Is there any difference in the mean Hb label between the two groups of children???
R source code:
###problem-05: In order to find out whether children with
#choronic diarrhea have the same average hemoglobin
#level(Hb) that is normally seen in healthy children in the same area
#, a random sample of 10 children with chonic diarrhea are selected and there
# Hb levels <g/dl) are obtained as follows:
# 12.3, 11.4, 14,2, 15.3, 14.8, 13.8, 11.1,15.1,15.8,13.2
#another random sample of 12 children with chonic diarrhea are
# 11.1, 17.2, 13.4, 15.2, 14.1, 13.0, 12.5, 11.5, 12.7, 14.5, 15.3, 14.0
# is there any differance between in mean Hb label between the two group of children???
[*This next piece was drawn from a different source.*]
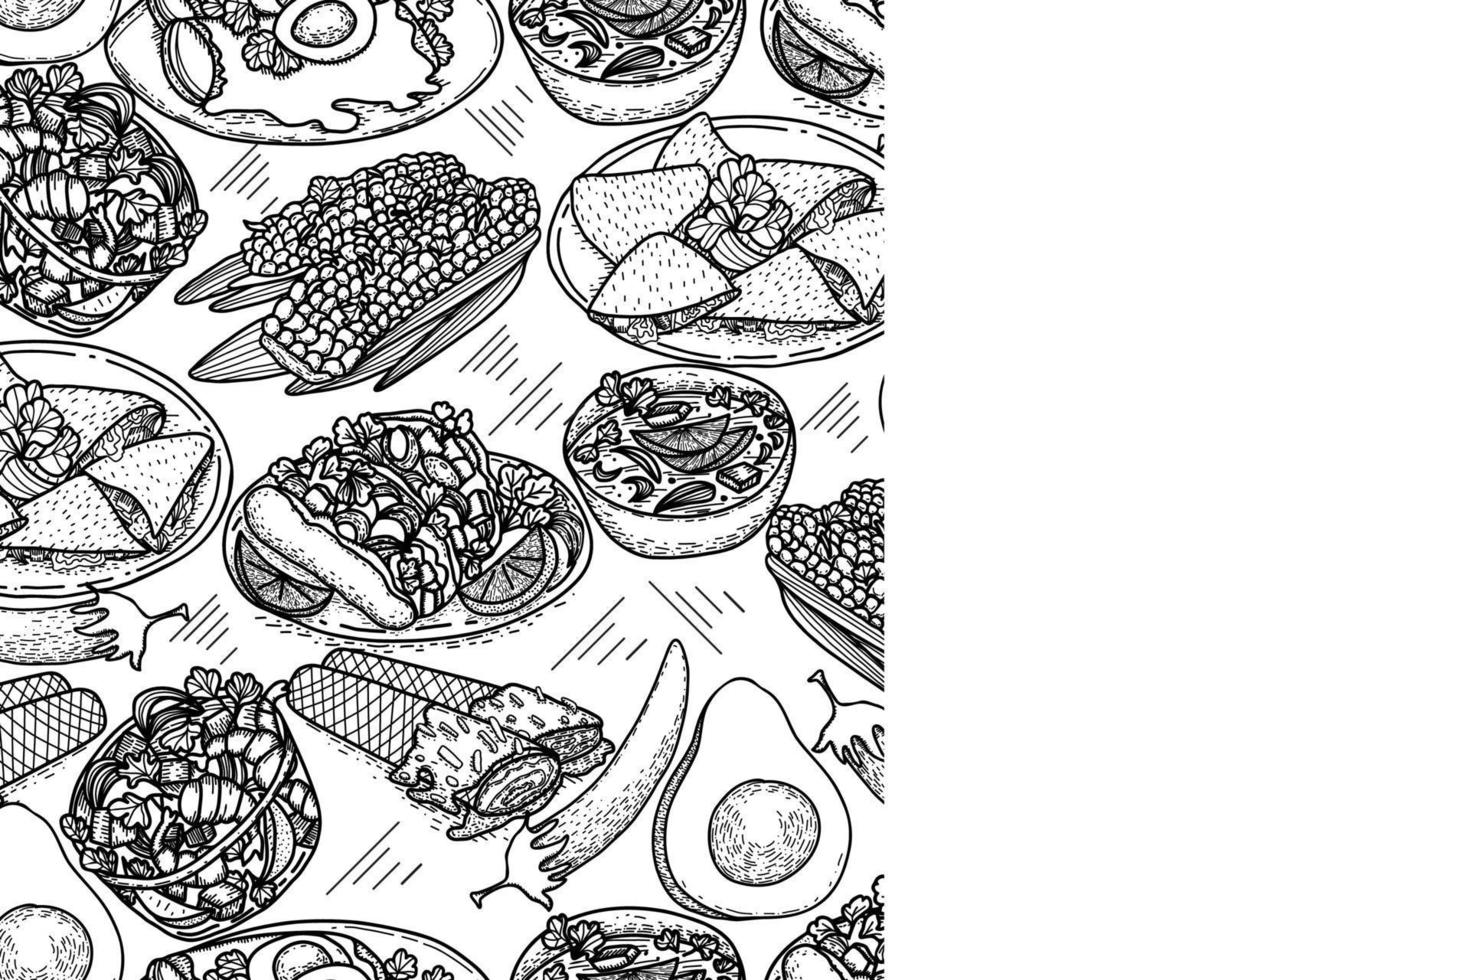 Vektor-Speisekarte-Vorlage, lateinamerikanische Küche. handgezeichnete schwarz-weiße vintage skizzen von mexikanischem essen. vektor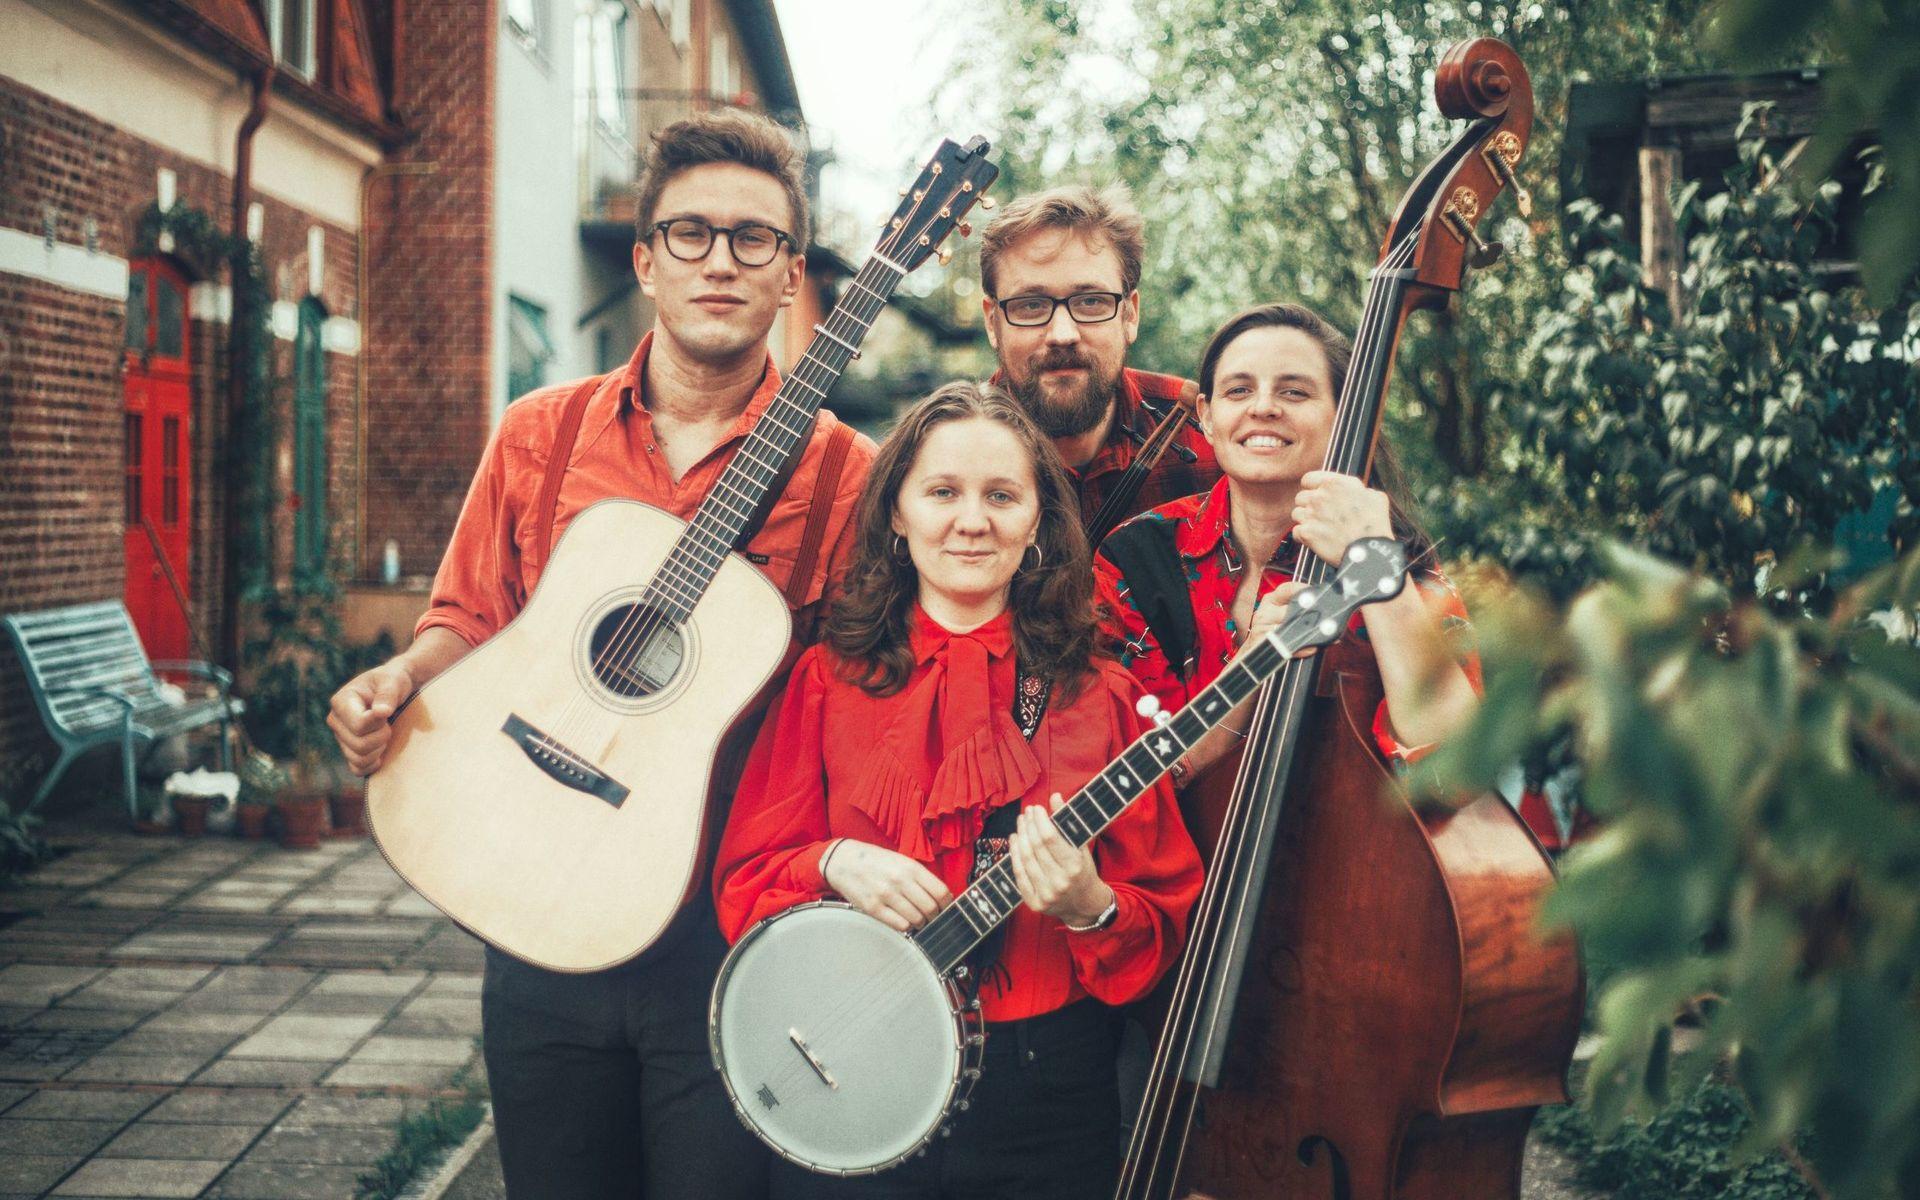 HAPPY HEARTACHES. Beskriver bluegrass som sentimental, banal och alldeles, alldeles underbar. Kvartetten kommer från lika delar Göteborg och Malmö. Från vänster: Max Tellving, Alicia Jardine, Albin Ekman, Brita Björs.

##############Solution##############
#Ho: mue1=mue2
#H1: mue not equal mue2
level<- 0.05
alpha<- 0.05/2
alpha #0.025
data1<- c(12.3, 11.4, 14.2, 15.3, 14.8, 13.8, 11.1,15.1,15.8,13.2)
n1<- length(data1)
n1
s1<- sd(data1)
s1
x_ber1<- mean(data1)
x_ber1
data2<- c(11.1, 17.2, 13.4, 15.2, 14.1, 13.0, 12.5, 11.5, 12.7, 14.5, 15.3, 14.0)
n2<- length(data2)
n2
s2<- sd(data2)
s2
x_ber2<- mean(data2)
x_ber2
t_tab1<- qt(alpha, n1+n2-2)
t_tab1 #-2.085
t_tab2<- qt(1-alpha, n1+n2-2)
t_tab2 #2.085
####### Checking the variance equal or not ##########
boxplot(list(sample_1=data1, sample_2=data2), col="red")
#If the middle line of both boxplot are very colse then is indicate equal variances.
ratio_sd<- s1/s2
ratio_sd # 0.961985 is close to 1, that's why we can say that they have equal variances.
sp<- sqrt((((n1-1)*s1^2)+((n2-1)*s2^2))/(n1+n2-2))
sp
t_cal<- (x_ber1 - x_ber2)/sqrt(sp^2*((1/n1)+(1/n2)))
t_cal # -0.01150547
#Comments: Ho is accepted, since t_cal= -0.0137 fall between the t_tab value of -2.085 to 2.085
######using p-value###
p_value<- 2*pt(t_cal, n1+n2-2)
p_value # 0.9891
#Comments: since p_value= 0.9891> 0.05, so Ho is accepted.
######### 95% Confidance Interval #########
CI<-c((x_ber1-x_ber2)+(t_tab1*sp*sqrt((1/n1)+(1/n2))), (x_ber1-x_ber2)+t_tab2*sp*sqrt((1/n1)+(1/n2)))
CI # -1.519183 1.502516
# -1.519183 Cofidance interval 95% lower
# 1.502516 Cofidance interval 95% upper
######### Using t.test function ##########
?t.test
t.test(data1, data2, alternative="two.sided", mu=0, paired= FALSE, conf.level=0.95)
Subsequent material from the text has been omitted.